The unexpected position platoon was the one in center field, where Tony Gonzalez started out as an every day player.  A left-handed batter, Gonzalez had hit .306 as a full-time regular the previous year with an average better than .300 against both righties and lefties.  He had a horrible time of it against lefties from the beginning in 1964, however, going 4-for-31 in games started by southpaws before Mauch decided towards the end of May he had best platoon in center field, using Cookie Rojas as the right-handed batter. Gonzalez wound up hitting .278 on the season, and got on base 35 percent of the time, but batted only .157 against pitchers of the left-handed persuasion.  The versatile Rojas started 52 games against southpaws in center field, with a .267 average against them.

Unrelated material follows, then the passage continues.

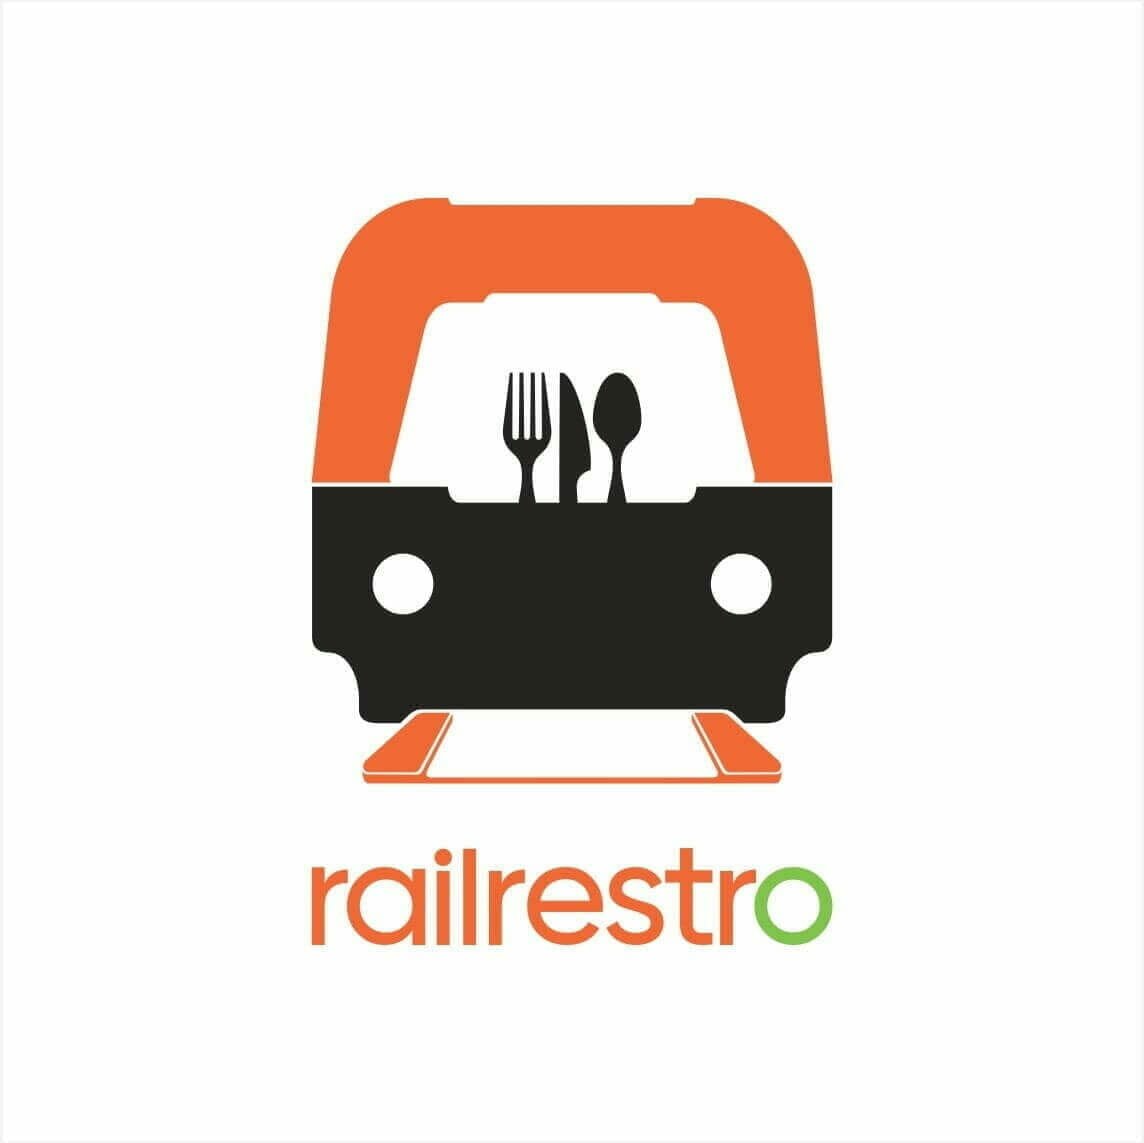 Railrestro App Offer: Get Flat 100% OFF on 1st Order
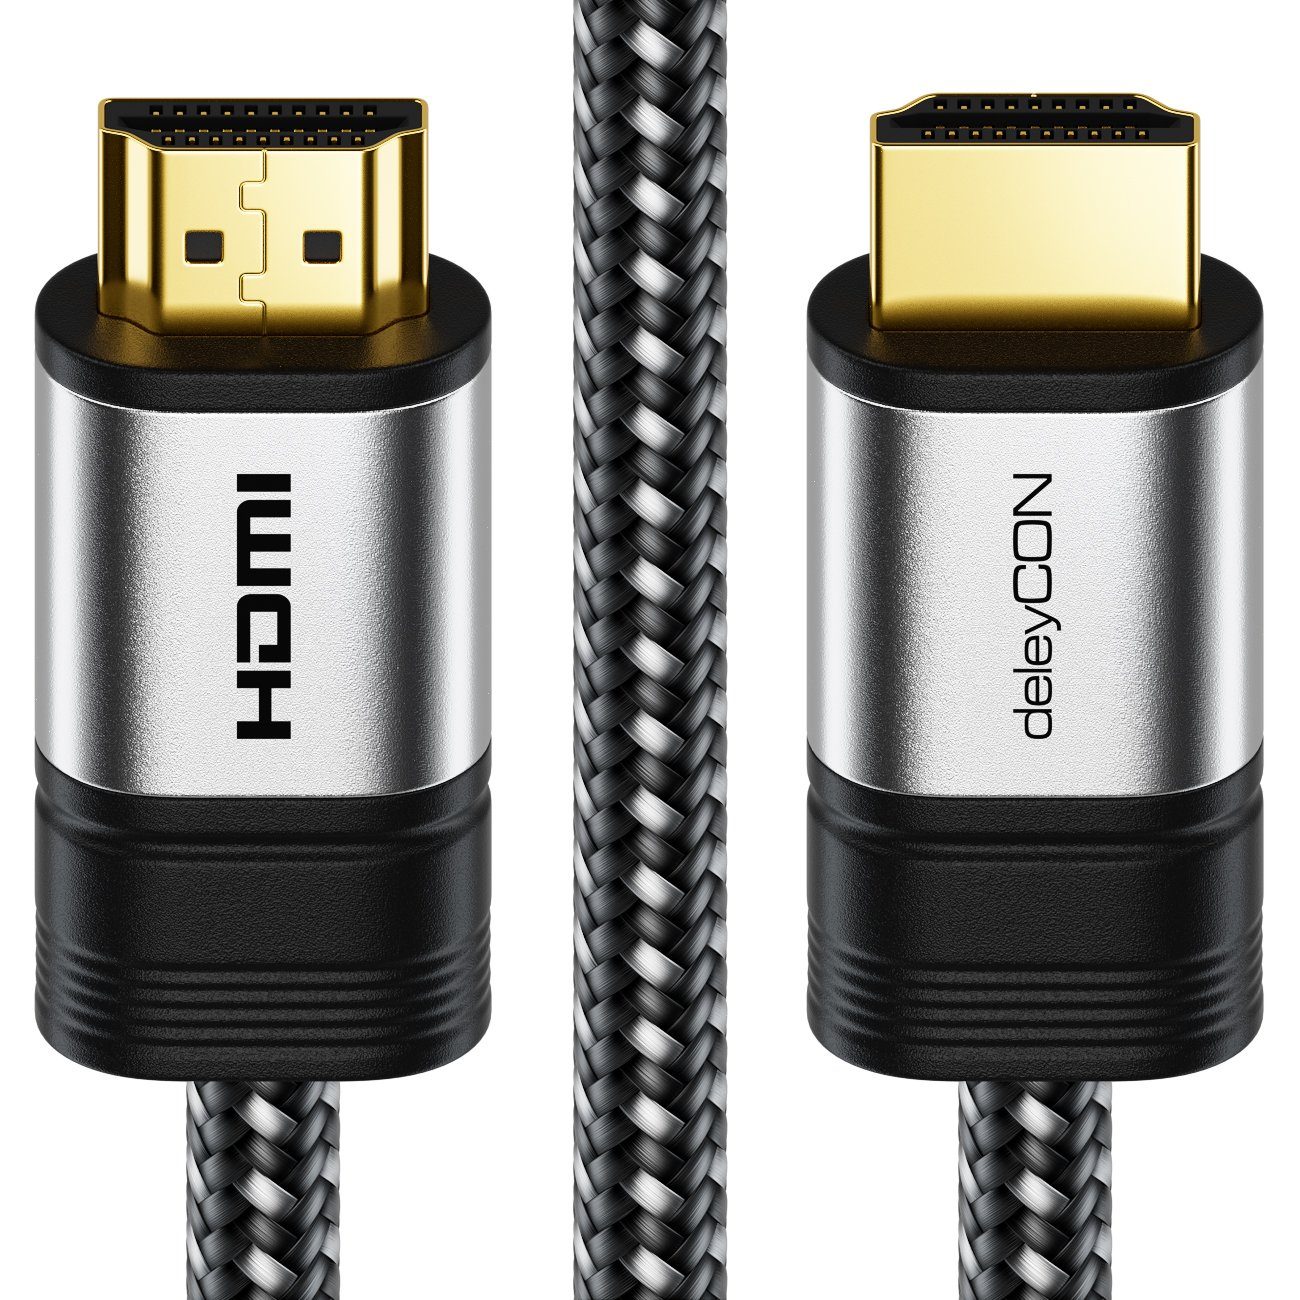 deleyCON »deleyCON 1m 4K UHD HDMI Kabel mit Metallstecker und Nylonmantel  2160p ULTRA HD« HDMI-Kabel online kaufen | OTTO

But the most interesting of Mauch's platoons was in his batting order between two of his core regulars who also happened to be the Phillies' most dangerous hitters--rookie sensation Dick ("Richie") Allen and star right fielder Johnny Callison.  From the very beginning of the season until early June, Mauch swapped the two between second and third in the order, depending on the starting pitcher.  He had right-handed Allen batting second and the left-handed Callison third when the Phillies faced off against a righty, and Callison second and Allen third when a southpaw took the mound. Having Callison bat second against southpaws was most effective if the lead-off batter, Tony Taylor, got on base because, with the first baseman having to hold him on, it opened up the right side of the infield for Callison to pull the ball, increasing the odds of his getting a hit and of runners on first and third if he singled into right field.  Through the first two months of the season with this platoon alignment in the batting order, Callison hit .299 with 4 home runs and 20 RBI and Allen, off to a great start, was leading the league with 10 home runs and had 24 RBI and a .301 average.  Unfortunately, Taylor was batting only .228, had an on-base percentage that was a mere .290, and had scored only 15 runs in 27 games by the time May turned to June.  (Taylor ended up the season with a .251 average, batting sixth or seventh in Mauch's batting order in 40 percent of the games he played, with Gonzalez or Rojas batting lead-off in virtually every game after mid-July.)

In June, presumably awestruck by Allen's power, Mauch moved his slugging third baseman into the clean-up spot and penciled Callison third in the batting order, where both remained on a daily basis (more or less) until mid-August, when Mauch went back to alternating the two for the rest of the season (more or less) between second and third in the order depending on the starting pitcher. Suffice it to say for now that Callison's HR / RBI / BA line for the season in the 42 games he batted second was 3 / 33 / .247, compared to 23 / 70 / .284 in the 114 games he hit third in the order.  Allen's numbers were 12 / 36 / .270 when he batted second (64 games); 8 / 23 / .363 when he batted third (32 games); and 9 / 32 / .345 in the 66 games he was in the clean-up spot.

There will be more to say about Allen's place in Gene Mauch's line-up in a post later this summer, and much to come to set the stage for the Phillies' epic collapse of  '64.